More of The Pretenders

  • With two solid Double Plus (A++) or BETTER sides, you’ll have a hard time finding a copy that sounds remotely as good as this vintage import pressing
  • Side one was sonically very close to our Shootout Winner – you will be shocked at how big and powerful the sound is
  • These sides are energetic, clear and full-bodied, with Chrissie Hynde’s vocals front and center where they belong
  • If all you know are audiophile or domestic pressings, you should be prepared for a mind-blowing experience with this copy
  • However, the sound of the album is more aggressive than some audiophiles might like, so fair warning: you will not be demonstrating your stereo with this one, no matter how much better sounding than other copies it may be
  • It takes us years to get a shootout for this album going, so get while the gettin’s good if you’re as big a fan of the album as we are
  • “Hynde’s voice is in great form throughout, and when she gets her dander up, she still has plenty to say and good ways to say it; ‘How Much Did You Get for Your Soul?’ is a gleefully venomous attack on the musically unscrupulous; ‘Don’t Get Me Wrong’ is a superb pop tune and a deserved hit single; and the Motown-flavored ‘I Remember You’ and the moody ‘Chill Factor’ suggest she’d been learning a lot from her old soul singles.”

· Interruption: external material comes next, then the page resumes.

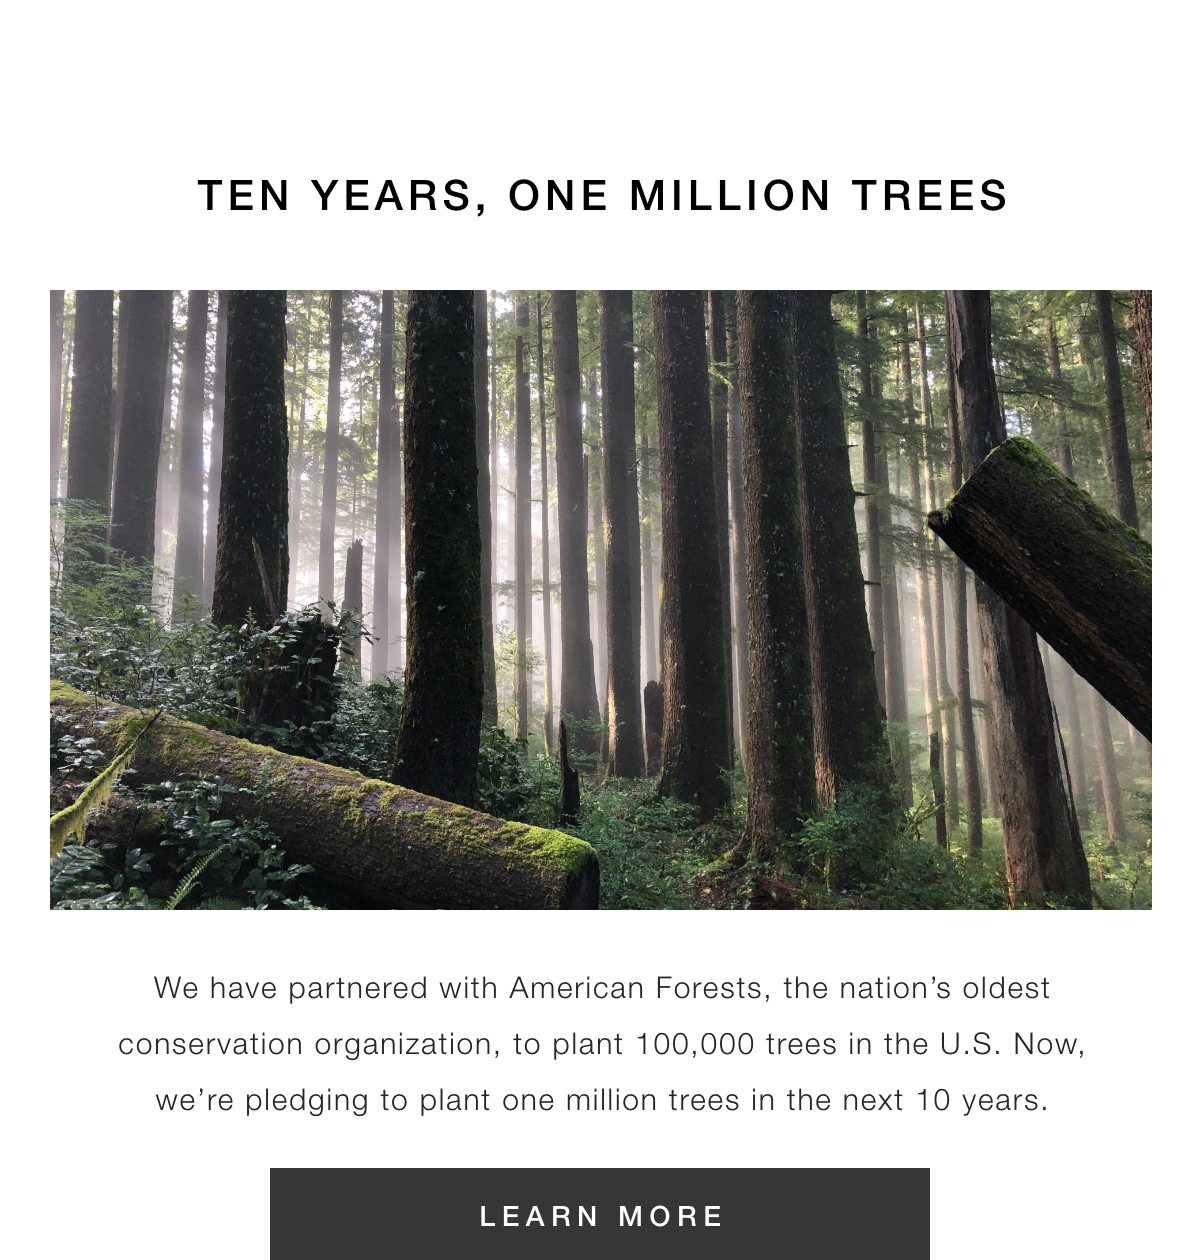 10 years, one million trees pledge.

Get Close has long been a personal favorite of mine. Side one starts off with a bang with “My Baby,” one of the best tracks this band ever recorded. Of course at this point it’s hard to call The Pretenders a band as it is pretty much Chrissie Hynde’s show. She continues to mature as a songwriter, and the arrangements and production value are excellent as well, with heavy hitters such as Steve Lillywhite, Bob Clearmountain and Jimmy Iovine involved.

We have a category on the site entitled women who rock. No other woman on earth can rock the way Chrissie Hynde can, and this album, along with Learning to Crawl, is all the proof anyone needs.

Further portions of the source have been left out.